Krauss did not think she would make music videos at the beginning of her career, and after recording her first she was convinced it was so bad that she would never do another. Nonetheless, she has gone on to make further videos. Many of the first videos she saw were by bluegrass artists, although Dan Tyminski has noted that the video for Thriller was very popular at the time she was first exposed to music videos. She has made suggestions on the style or theme to some videos, though she tends to leave such decisions up to the director of the particular video. The group chooses directors by seeking out people who have previously directed videos bandmembers have enjoyed. The director for a video to "If I Didn't Know Any Better" from Lonely Runs Both Ways, for example, was selected because Krauss enjoyed work he had done with Def Leppard, and she wondered what he could do with their music. While style decisions are generally left to the various directors of the videos, many —including for "The Lucky One", "Restless", "Goodbye is All We Have", "New Favorite", and "If I Didn't Know Any Better"—follow a pattern. In all of these videos Krauss walks, sometimes interacting with other people, while the rest of the band follows her.[7][47]

  Performances

Krauss has said she used to dislike working in the studio where she had to play the same song repeatedly, but has come to like studio work roughly the same as live stage performances. Her own favorite concert experiences include watching three Foreigner concerts during a single tour, a Dolly Parton concert, and a Larry Sparks concert.[48] She appeared on Austin City Limits in 1992 and opened the show in 1995 with Union Station.[49] The New Favorite tour, after AKUS' album of the same name, was planned to start September 12, 2001 in Cincinnati, Ohio, but was delayed until September 28 in Savannah, Georgia following the September 11 terrorist attacks[50] Krauss also took part in the Down from the Mountain tour in 2002, which featured many artists from the O Brother, Where Art Thou.[51][52] Down from the Mountain was followed by the Great High Mountain Tour, which was composed of musicians from both O Brother and Cold Mountain, including Krauss.[47] She has also given several notable smaller performances including at Carnegie Hall (with the Grand Ole Opry),[53] on Lifetime Television in a concert of female performers, on the radio show A Prairie Home Companion[54] where she sang two songs not previously recorded on any of her albums, and a performance at the White House attended by then-President Bill Clinton and then-Vice President Al Gore.[55]

  Awards

Alison Krauss has won a record twenty-seven Grammy Awards[56] over the course of her career as a solo artist, as a group with Union Station, as a duet with Robert Plant, and as a record producer. She's currently tied with Quincy Jones as the second most winner of Grammy Awards. Only the late classical conductor Sir Georg Solti has more overall Grammys (31).[57] She overtook Aretha Franklin for the most female wins at the 46th Grammy Awards where Krauss won three, bringing her total at the time to seventeen (Franklin won her sixteenth that night).[58] The Recording Academy (which presents the Grammy Awards) presented her with a special musical achievement honor in 2005.[59] She has also won 14 International Bluegrass Music Association Awards,[60] 8 Country Music Association Awards,[61][62] 2 Gospel Music Association Awards,[citation needed] 2 CMT Music Awards,[63][64][65] 2 Academy of Country Music Awards,[66] and 1 Canadian Country Music Award.[67] Country Music Television ranked Krauss 12th on their "40 Greatest Women of Country Music" list in 2002.[68]

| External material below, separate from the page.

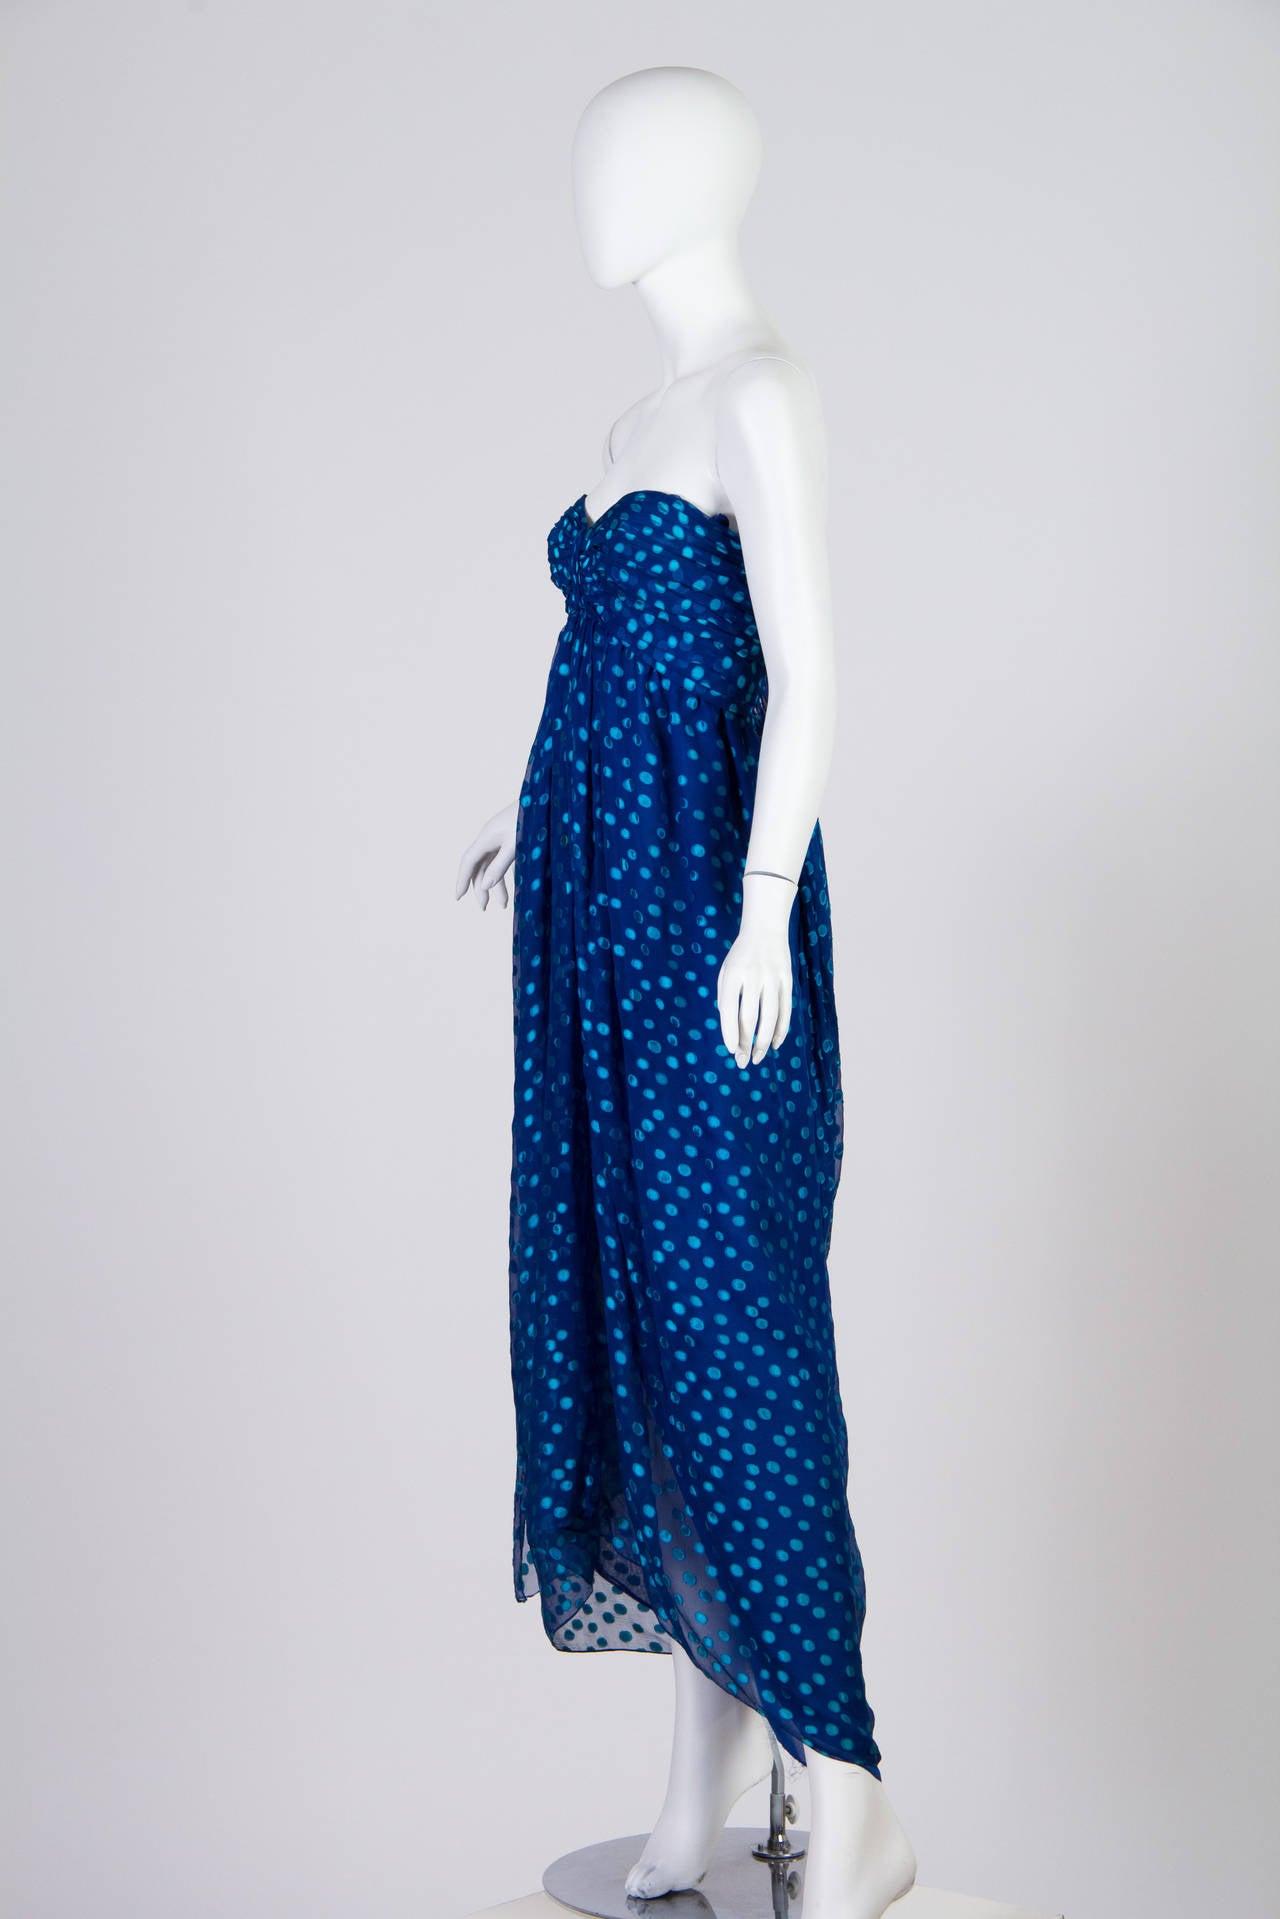 1970s Oscar de la Renta Chiffon Dress In Good Condition For Sale In New York, NY
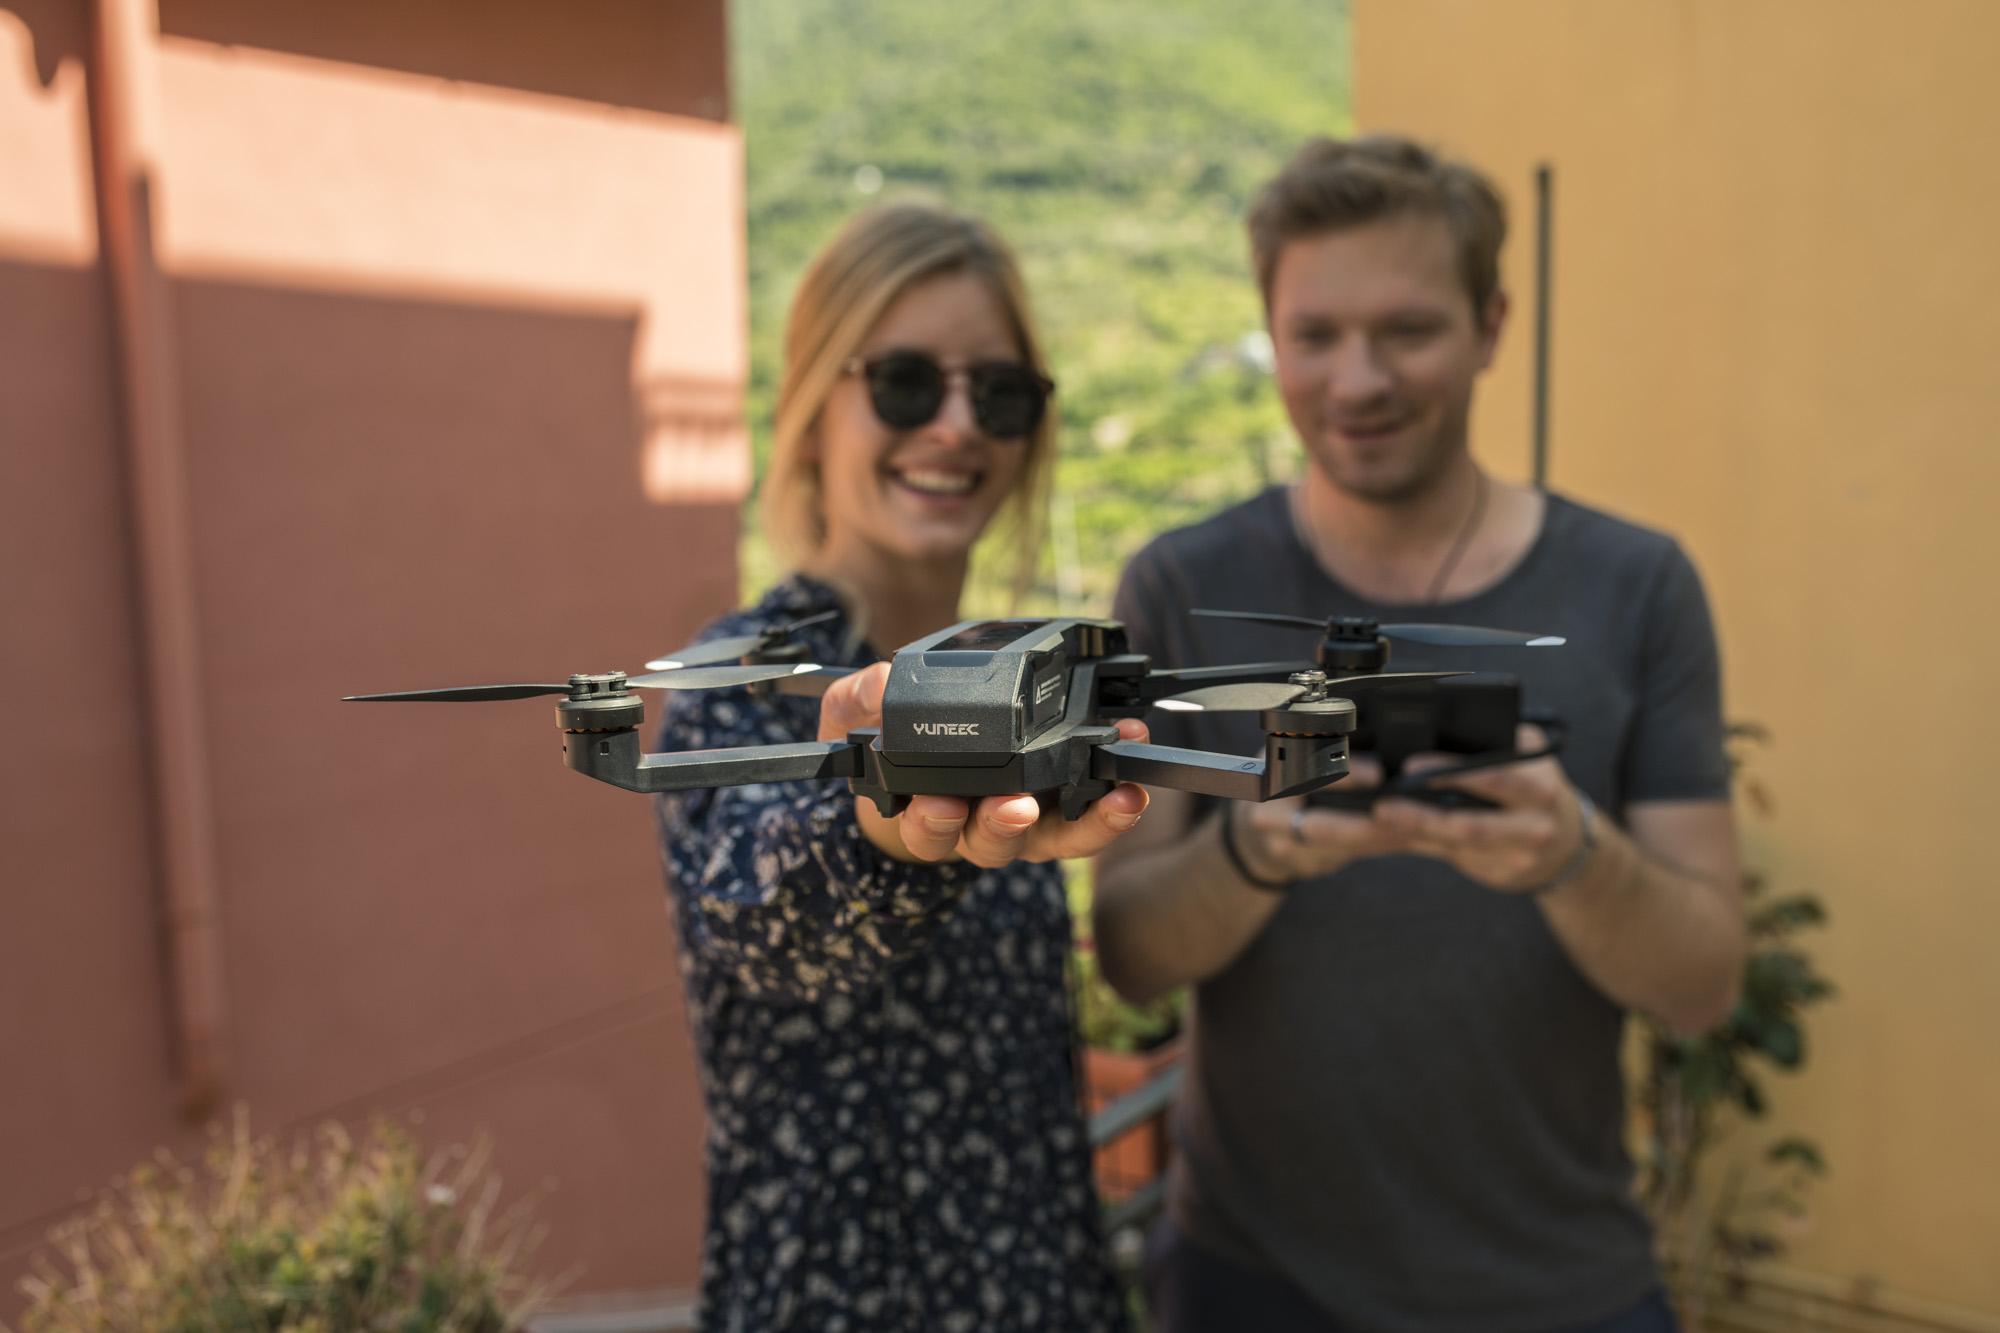 Yuneec Mantis Q drone

At the 76th Academy Awards in February 2004, where she performed two nominated songs from the Cold Mountain soundtrack, Alison Krauss was chosen by Hollywood shoe designer Stuart Weitzman to wear a pair of $2 million 'Cinderella' sandals with 4½ inch clear glass stiletto heels and two straps adorned with 565 Kwiat diamonds set in platinum. Feeling like a rather unglamorous choice, Krauss said, "When I first heard, I was like, 'What were they thinking?' I have the worst feet of anybody who will be there that night!" In addition to the fairy-tale-inspired shoes, Weitzman outfitted Krauss with a Palm Trēo 600 smartphone, bejeweled with 3,000 clear-and-topaz-colored Swarovski crystals. The shoes were returned, but Krauss kept the crystal-covered phone. Weitzman chose Krauss to show off his fashions at the urging of his daughters, who are fans of Krauss' music.[69][70]

  Discography

  Filmography

Film
Year Film Role Notes
1997 Annabelle's Wish Additional Voices Uncredited
Voice only
2002 Adam Sandler's Eight Crazy Nights Jennifer Voice only
Television
Year Film Role Notes
1991 Hee Haw Herself 1 episode
Episode: #22.21
1996 Austin City Limits Herself 5 episodes, 1996–2005
1997 Miracle on Highway 31 Herself TV movie
2005 Sesame Street Herself 1 episode
Episode: "American Fruit Stand"
2006 CMT Cross Country Performer with Vince Gill
2008 CMT Crossroads Performer with Robert Plant

  References

  1. ^ Martin Chilton (February 13, 2012). "Alison Krauss makes Grammy history". The Daily Telegraph. http://www.telegraph.co.uk/culture/music/music-news/9078641/Alison-Krauss-makes-Grammy-history.html. 
  2. ^ Leopold, Ted (2009-02-09). "Plant, Krauss rise with 'Raising Sand' at Grammys". CNN. http://www.cnn.com/2009/SHOWBIZ/Music/02/08/grammy.night/index.html. Retrieved 2009-07-27. 
  3. ^ "Songwriter/Composer: Krauss, Alison Maria". BMI Repertoire Search.
  4. ^ a b "Alison Krauss Keeps Her Pace After Quick Start" by Ronna Rubin for GAC Music Beat, Great American Country, June 19, 2006. Retrieved 2006-06-28.
  5. ^ "1984 Walnut Valley Championship Archives – All Winners". Walnut Valley Festival official website. http://www.wvfest.com/contests/byyear.html?year=1984. Retrieved 2007-02-07. 
  6. ^ "Alison Krauss". TV Guide. http://www.tvguide.com/celebrities/alison-krauss/bio/197694. Retrieved July 02, 2012. 
  7. ^ a b "Interview with Alison Krauss and Dan Tyminski" for The Collection on Great American Country, originally broadcast June 28, 2006. Retrieved 2006-06-28.
  8. ^ a b MUSIC; "Country, With Twang and Pop" by Robbie Wolvier for The New York Times. Retrieved 2006-07-08.
  9. ^ "Alison Krauss + Union Station Flight Plan: Paper Airplane Lands AKUS Back On The Bus" by Larry Nager for Bluegrass Unlimited. Retrieved October 2, 2011.
  10. ^ "New Favorite" by Kerry Dexter for Dirty Linen #102 October/November 2002. Retrieved 2006-06-07.
  11. ^ "Alison Krauss - Full Biography" by Stephen Thomas Erlwine for Allmusic, hosted by MTV.com. Retrieved 2006-06-25.
  12. ^ a b c d "Alison Krauss Biography". CMT.com. Retrieved 2006-06-06.
  13. ^ "Alison Krauss". Grand Ole Opry. http://www.opry.com/artists/k/Krauss_Alison.html. Retrieved July 02, 2012.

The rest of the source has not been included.